Iowa Restaurant Association: “Restaurant Industry on the Brink of Decimation” | Archive


CEDAR FALLS, Iowa (KWWL) – Saturday was supposed to be the annual Cy-Hawk game in Iowa City, but COVID-19 canceled these plans. The game was discontinued in July after the Big 10 announced that would limit any program to only the adversaries of the conference.

The game would have given a much needed boost to bars and restaurants.

Many are still closed by Governor Reynold’s Last Six Counties Proclamation to slow the spread of COVID-19.

“To say we’re on the verge of decimation doesn’t exaggerate how difficult times have been,” said Jessica Dunker, president of the Iowa Restaurant Association.

For bar owners like Dave Deibler, 2020 has been the year of the curve.

“I think you’re either going to ride with it or you won’t survive,” he said. “You have to take it day by day and try not to panic too much.”

Deibler and his wife co-own Octopus and Mohair Pear on College Hill in Cedar Falls. He said the name of the game remains calm in the face of so much uncertainty.

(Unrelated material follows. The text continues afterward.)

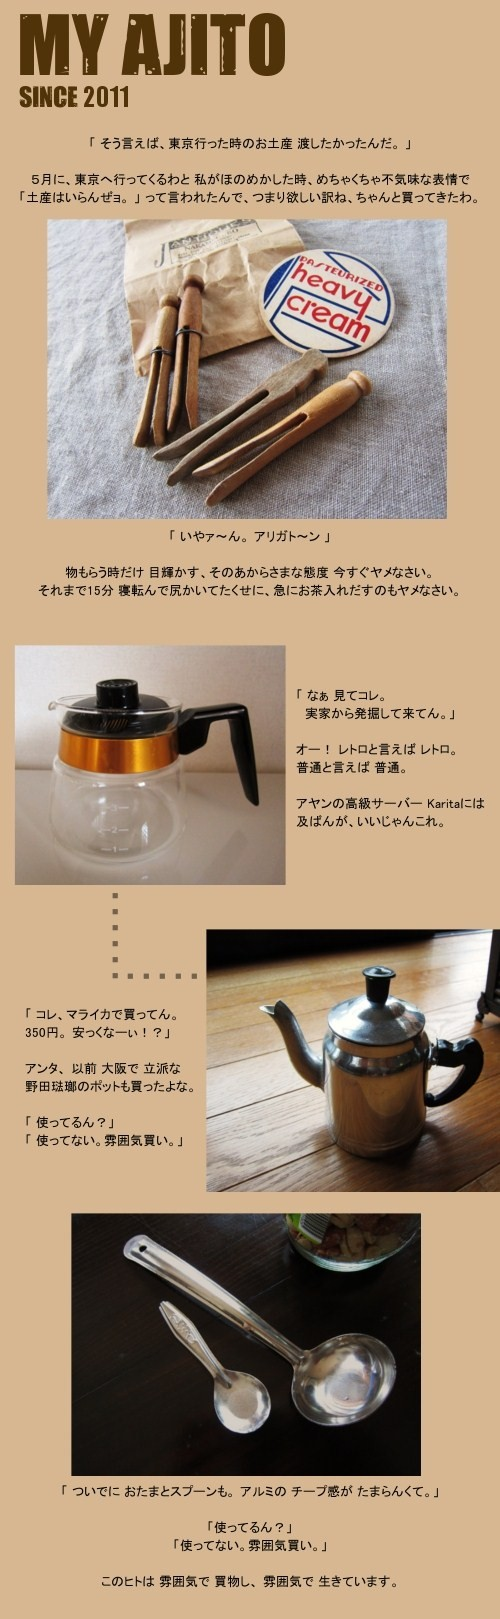 chomo_yoshita_2.jpg

“It is an extremely stressful time,” he said. “We don’t think we’re near the end, so there’s a lot of anxiety about what lies ahead.”

This is the second time that his bar has been closed this year. He said the first time that he totally agreed, but this one is different.

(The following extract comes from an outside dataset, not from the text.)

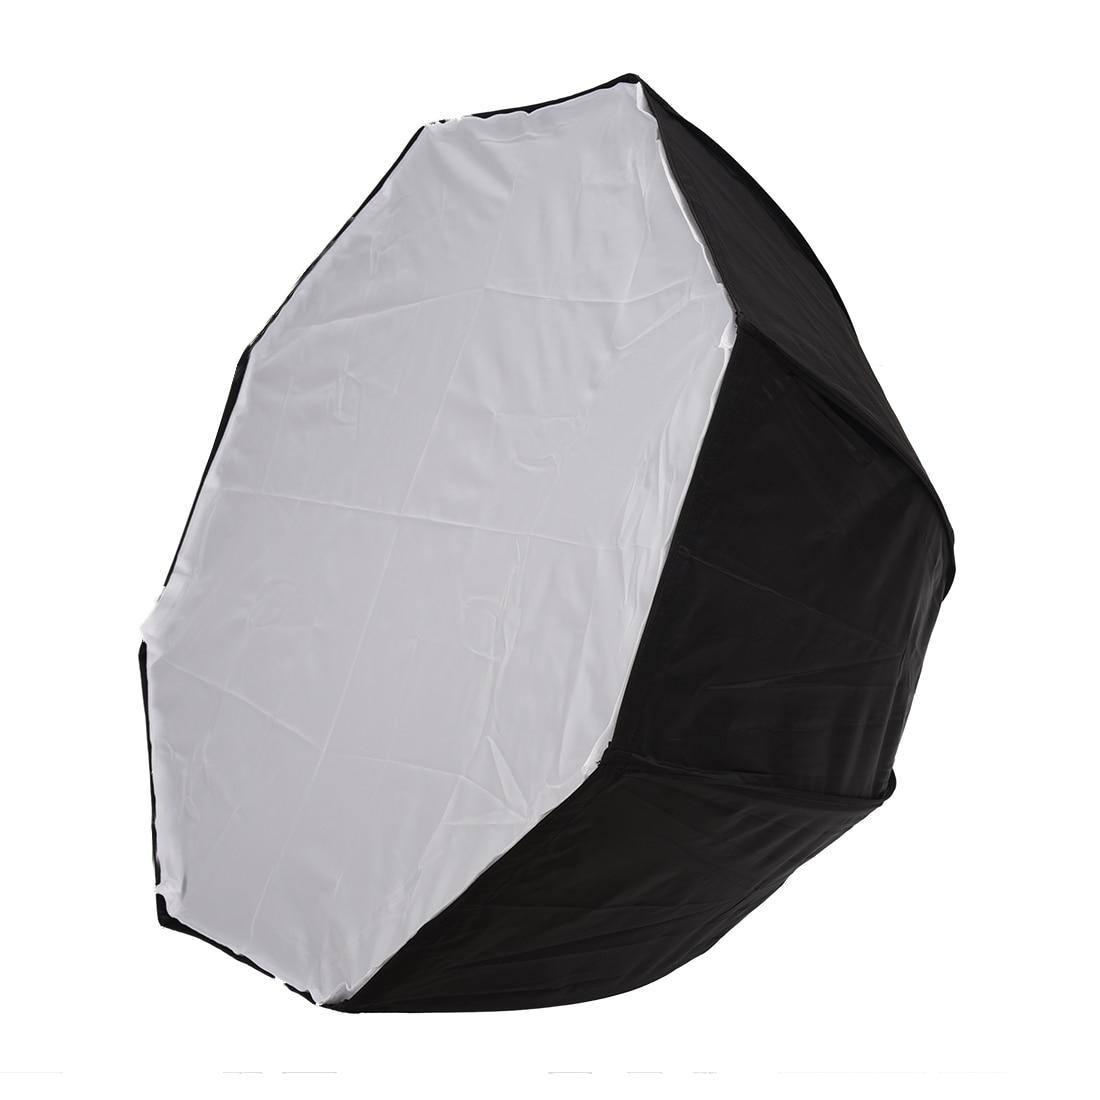 Octagon Umbrella Speedlite Softbox: 80cm / 31.5in Octagon Umbrella Softbox Reflector Diffuser

“This most recent shutdown probably puts too much of the blame on too few Iowans,” he said. “Sure, college kids are part of the problem, but it’s Iowans of all ages and ages who don’t take this seriously enough.”

Dunker called the governor’s decision to close bars in six counties a “gut reaction” that punishes bars and restaurants for doing everything right.

“It’s just one more nail in a coffin for people who are barely hanging on,” she said.

Overall, the restaurant industry has lost over $ 1 billion in revenue since the closures began.

Deibler said his income is about half of what it usually is. For now, you just have to pay the bills.

“We’re a little different from some bars. We’re a neighborhood bar that has a bit more regular flow,” he said. “Our goal is not to lose money and sort of stay level, and that has been possible so far, so we’ll see what happens.”

Since he owns his building, Deibler said he is in a better position than some of his fellow bar owners.

“It gives us some control,” he said. “If you are renting it makes it a bit more difficult.”

To get by, bars like Octopus have to get creative. On Friday, they suggested that the growlers go.

“We’re just trying to keep our name there and raise some money,” he said. “It’s a matter of awareness.”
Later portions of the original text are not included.